Noting that the birth certificate Marina brought to the United States was
issued July 19, 1961, and that she had to have one to obtain a marriage
license, author Edward Epstein concluded: "It thus seemed that new
documents-and possibly a new identity-were furnished to Marina after
it was decided that she would accompany Oswald to the United States.

On July 8, 1961, Oswald had flown to Moscow to retrieve his passport
at the American embassy. Since he had never technically defected, his
passport was promptly returned, although the State Department cautioned the embassy to proceed carefully in Oswald's "involved case" and to
make sure "that the person in communication with the Embassy is .. .
Lee Harvey Oswald."

With all their applications made, the Oswalds settled down to wait for
approval to leave Russia.

To further complicate the situation, a baby girl-June Lee Oswald-was
born to Marina on February 15, 1962. On May 10, the Oswald's heard
from the American embassy that everything was in order and that they
should come to Moscow to sign the final papers.
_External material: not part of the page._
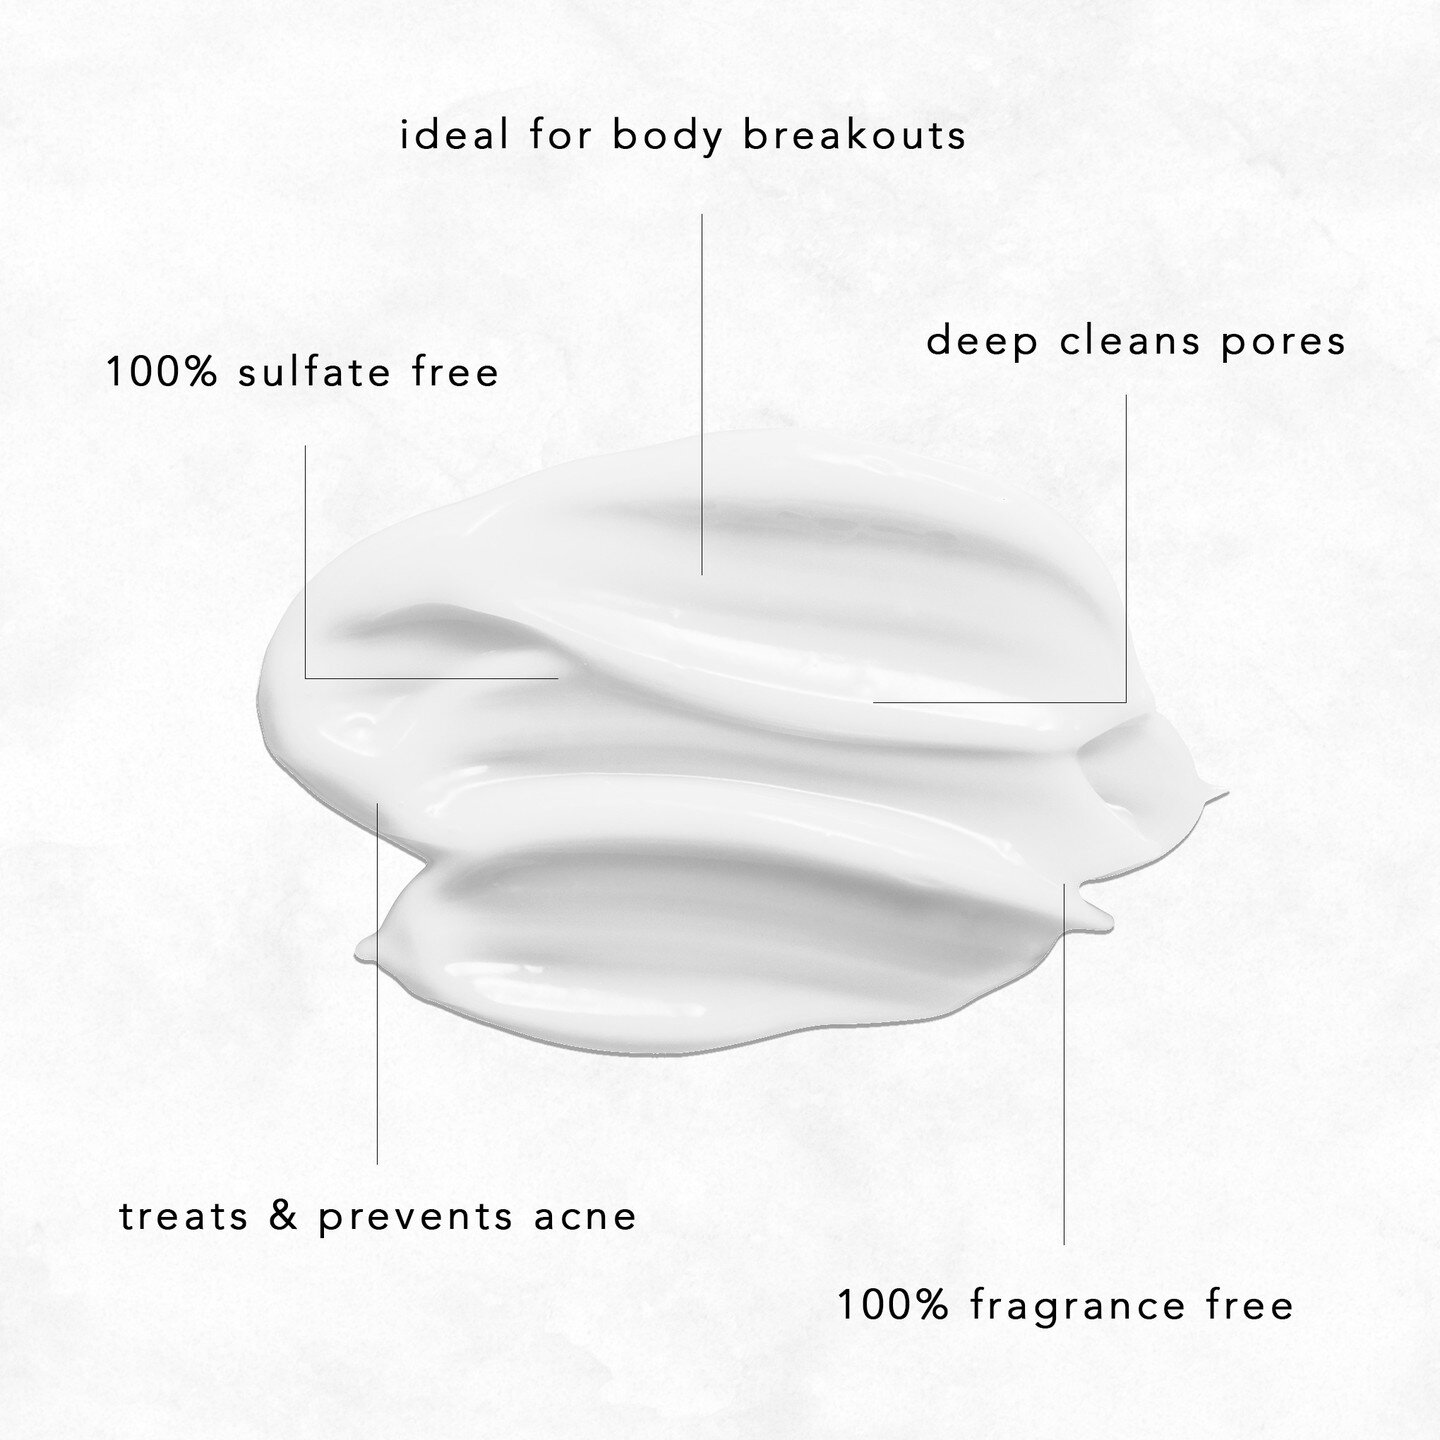 There&rsquo;s so much to love about our Salicylic Face &amp; Body Wash! Our formula includes ingredients that are 100% sulfate and fragrance free, deep cleans pores, and treats and prevents acne.
#NudeLuxeRx

It was during this time that Marina noted a cooling in Oswald's attitude
toward her. This coolness was to increase after they left Russia. It was
almost as if he had made up the story of his love and instead was simply
following some sort of orders in his courtship. Afterward, with his assignment completed, he didn't bother to act like his love was real.

Accounts of Oswald's time during this period are filled with inconsistencies. For example, in his diary he claims to have returned to Minsk from
Moscow on July 14. However, on August 1, Rita Naman and two other
tourists reported meeting a young American in Moscow and snapping his
picture. Two photos made by these tourists were displayed by the House
Select Committee on Assassinations, which said the young American was
Oswald.

On May 24, 1962, the Oswalds arrived in Moscow to attend to the final
details of their departure from Russia. On June 1, Oswald signed a
promissary note at the American embassy for a repatriation loan of $435.71,
the money needed for his return, and the couple boarded a train that same
evening.

Their trip home also has nagging indications of intelligence handling.
The Warren Commission said they crossed out of Communist territory at
Brest. Yet Marina's passport was stamped at Helmstedt, one of the major
checkpoints on the East German border. Intriguingly, Oswald's passport
shows no Helmstedt stamp at all, raising the possibility that he somehow
traveled a different route from Marina's.

Arriving in Amsterdam, the Oswalds stayed-not in a hotel-but in a
private establishment recommended by someone in the American embassy
in Moscow, according to Marina. She described this place variously as a
"private apartment" and as a "boardinghouse." While the official record
shows they stayed here only one night, after the assassination Marina
recalled a three-day stay and she reacted with confusion when questioned
about this by the House Select Committee on Assassinations. She did note
that advanced arrangements had been made at this place and that their
hosts spoke English.

Many researchers suspect that Oswald, and perhaps Marina, were "debriefed" by U.S. intelligence during their Dutch stopover. Even the chief
counsel of the Warren Commission called the episode "unexplained."